Extended Data Fig. 1: Evaluation of Hit Rates for Enzyme Commission (EC) Numbers and CRISPR-associated Proteins Using ProTrek’s Text-to-Sequence Retrieval Function.
From: A trimodal protein language model enables advanced protein searches

Textual descriptions were used to query the UniProt50 database and extract the top 100 proteins not included in the training data. a, Bar plot depicts hit rate for six EC numbers selected from six top-level EC classes, categorized into exact matches and varying levels of mismatches (Mismatch-1: mismatch in the last digit; Mismatch-2: mismatch in the last two digits; Mismatch-3: only match the first digit; Mismatch: mismatch all digits).
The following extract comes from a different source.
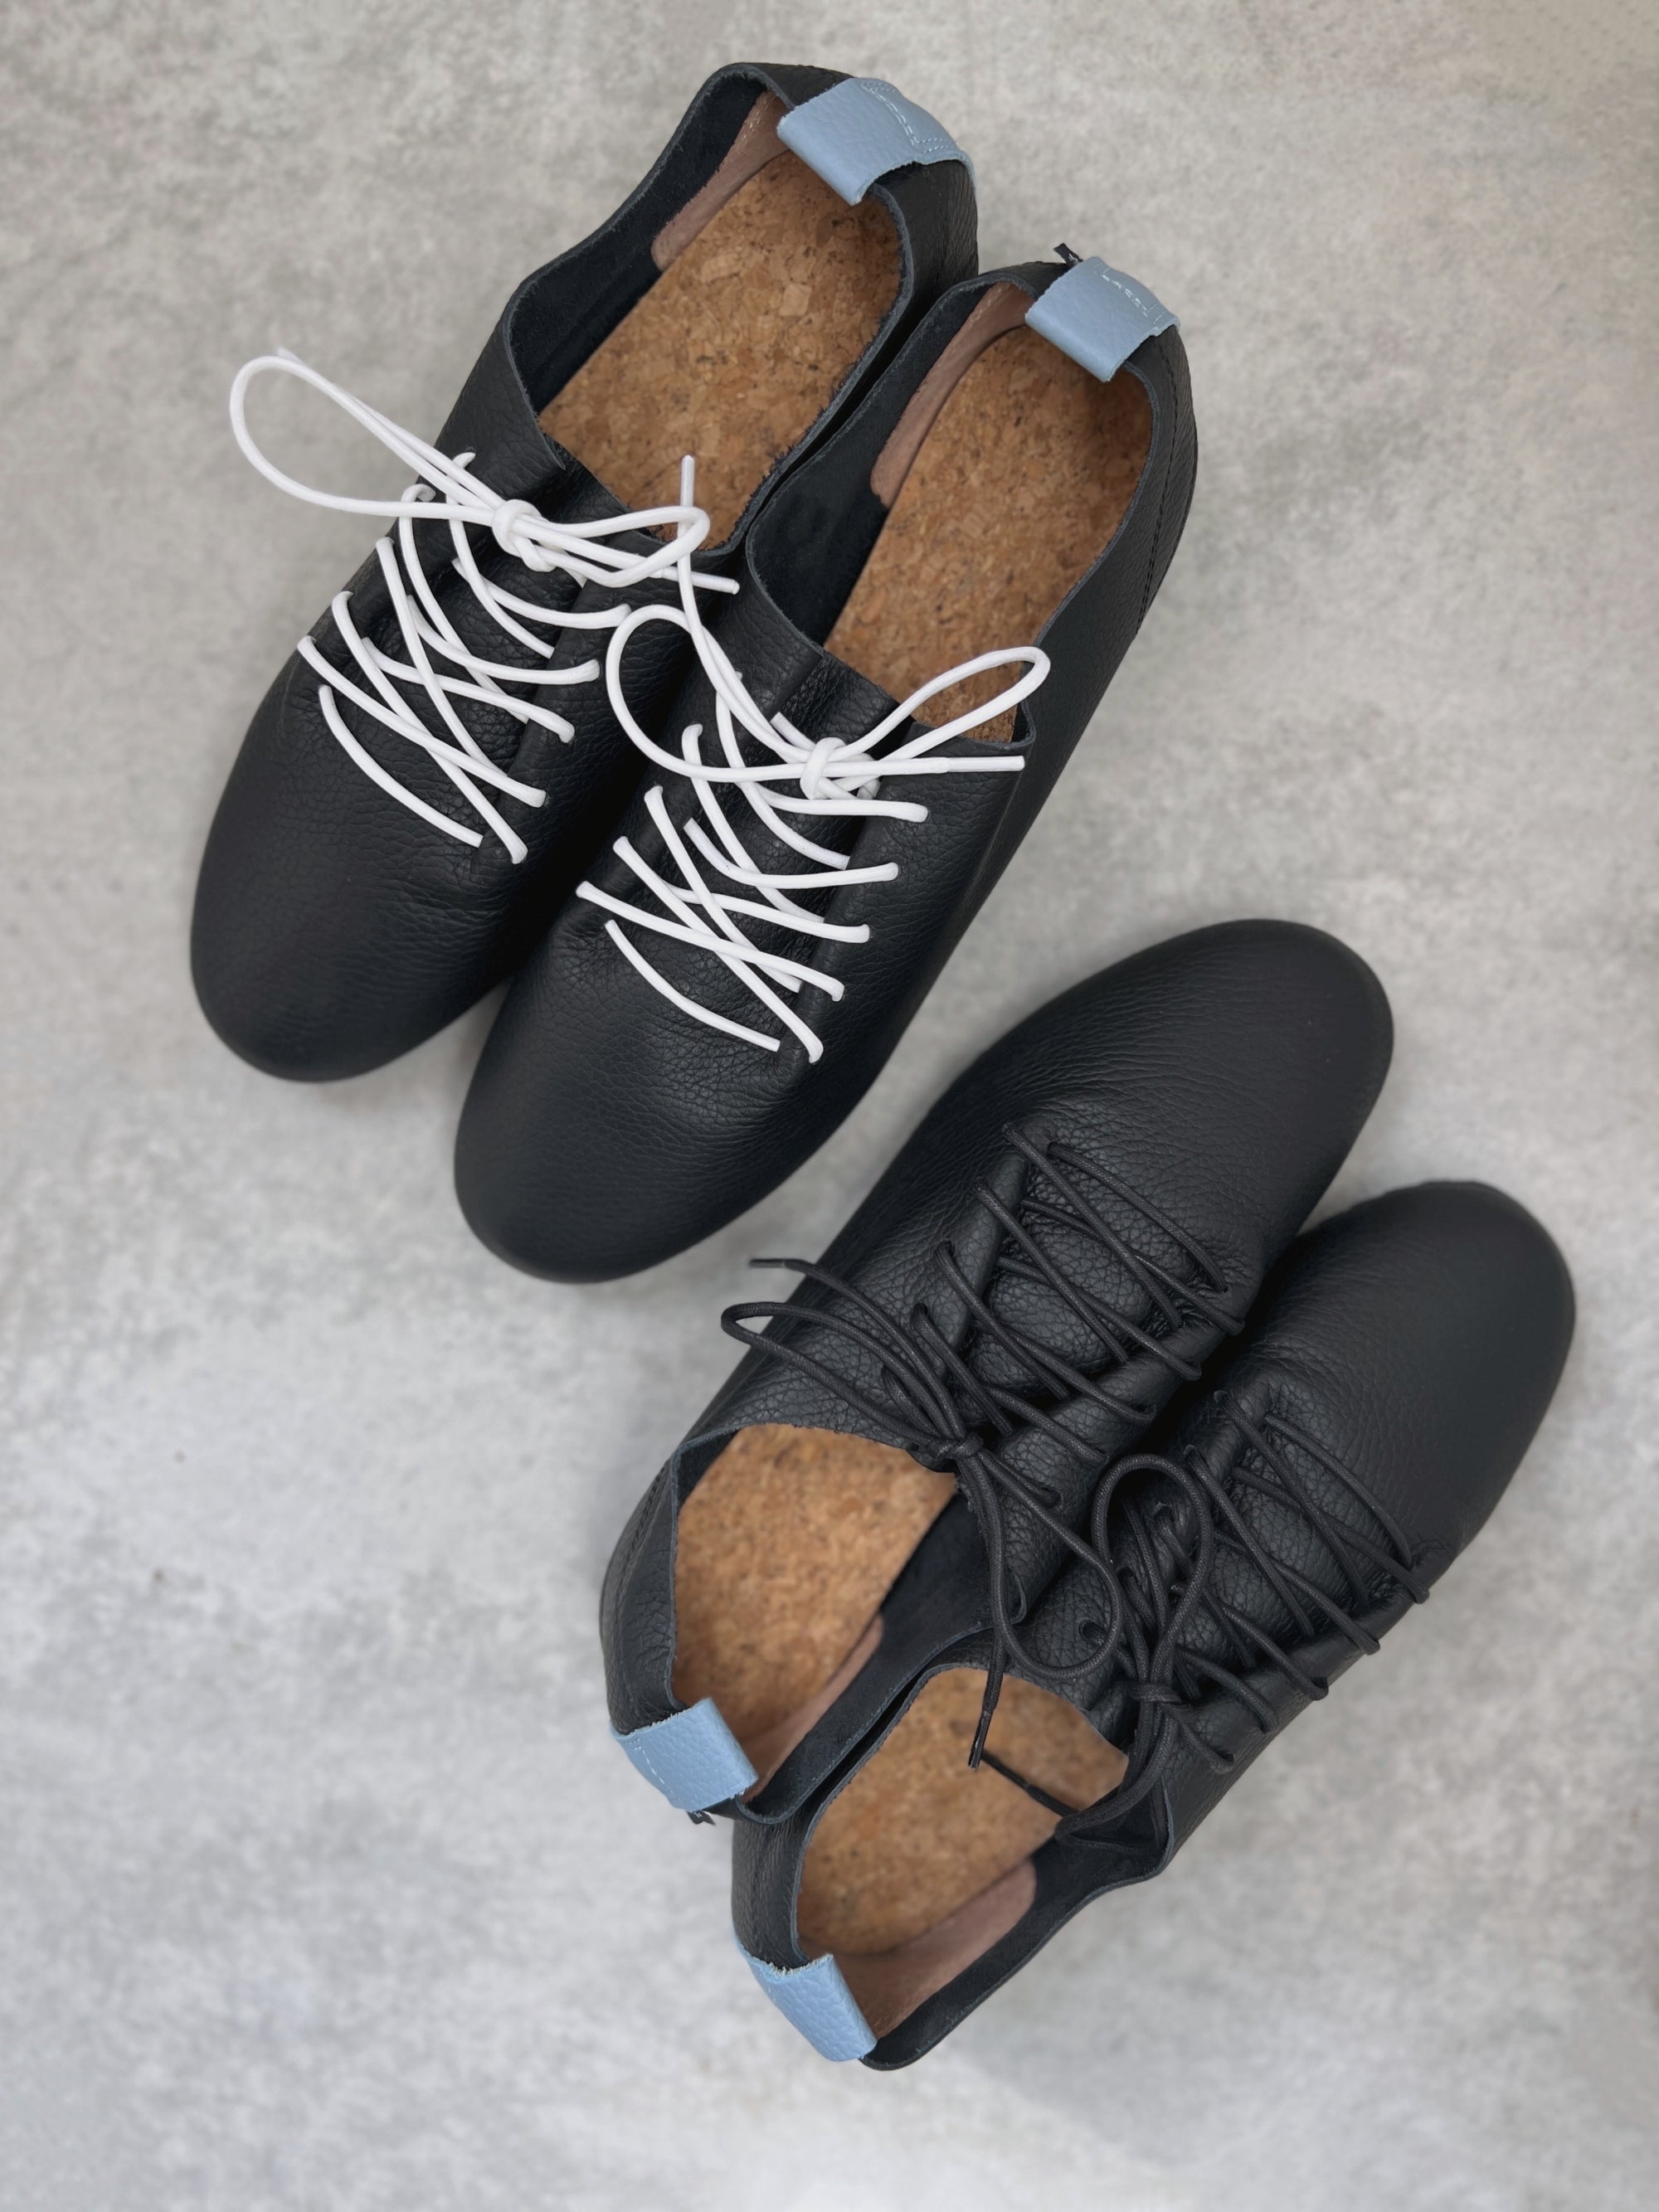 Japanese leather shoes, made by swaanarlberg japan for the maker hobart
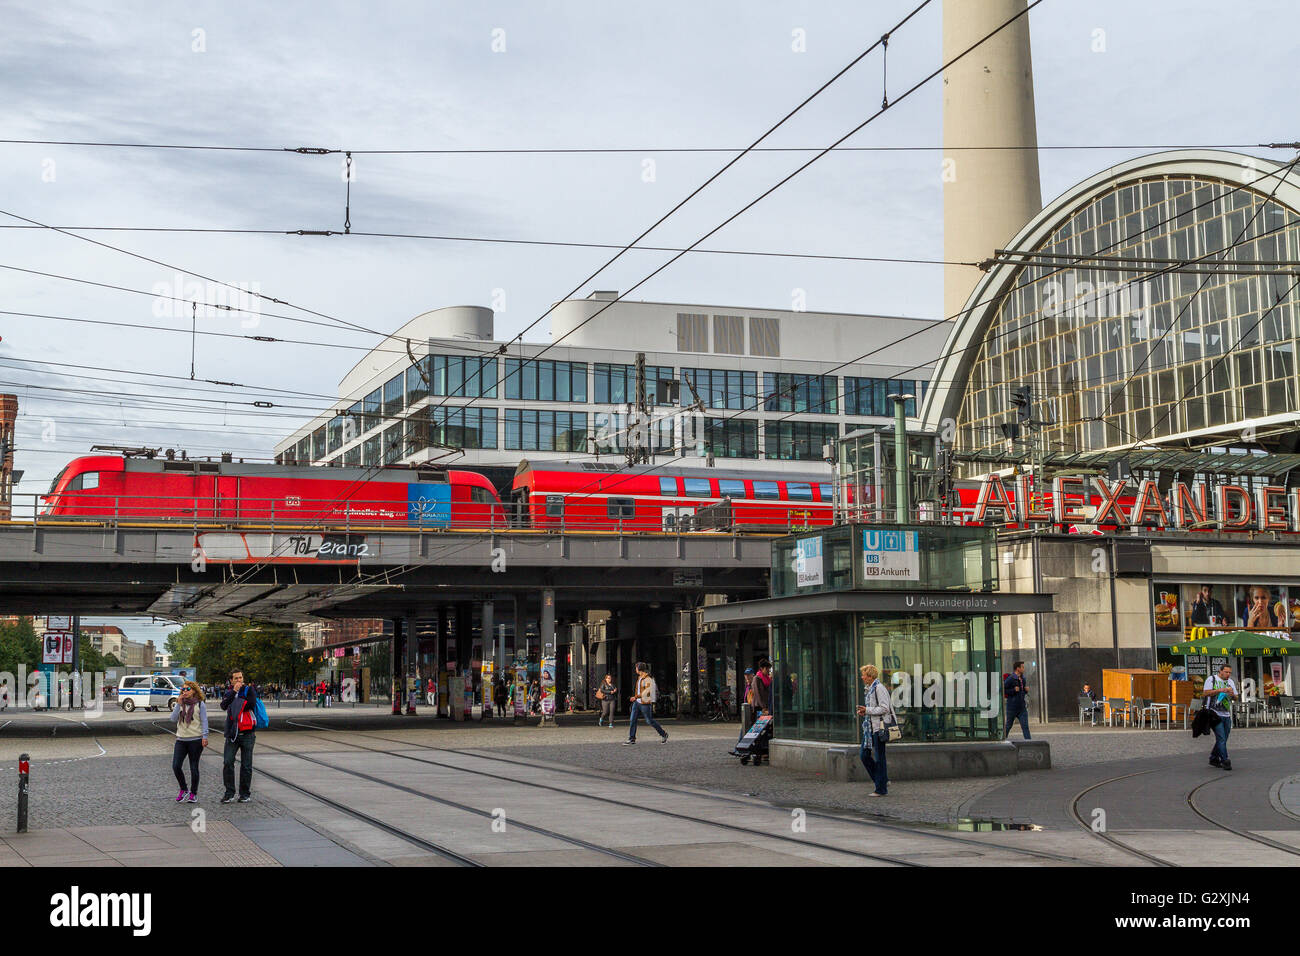 A train crossing a rail bridge at Berlin Alexanderplatz station in the Mitte district of Berlin, Germany Stock Photo

Each bar shows the proportion of exact matches and progressively less accurate matches. The results demonstrate ProTrek’s performance in identifying enzyme categories, with variations in match accuracy across different EC numbers. b, Bar plot illustrates hit rate for six extensively studied CRISPR-associated proteins (Cas10, Cas3, Cas9, Cas12, Cas13, and Csm/Cmr). Each bar is segmented into matches and mismatches, showcasing ProTrek’s retrieval performance across these protein categories. If the corresponding keywords such as ‘Cas10’, ‘Cas3’, ‘Cas9’, ‘Cas12’, or ‘EC:3.4.15.1’ appear in the protein’s ground truth, it is considered a true hit.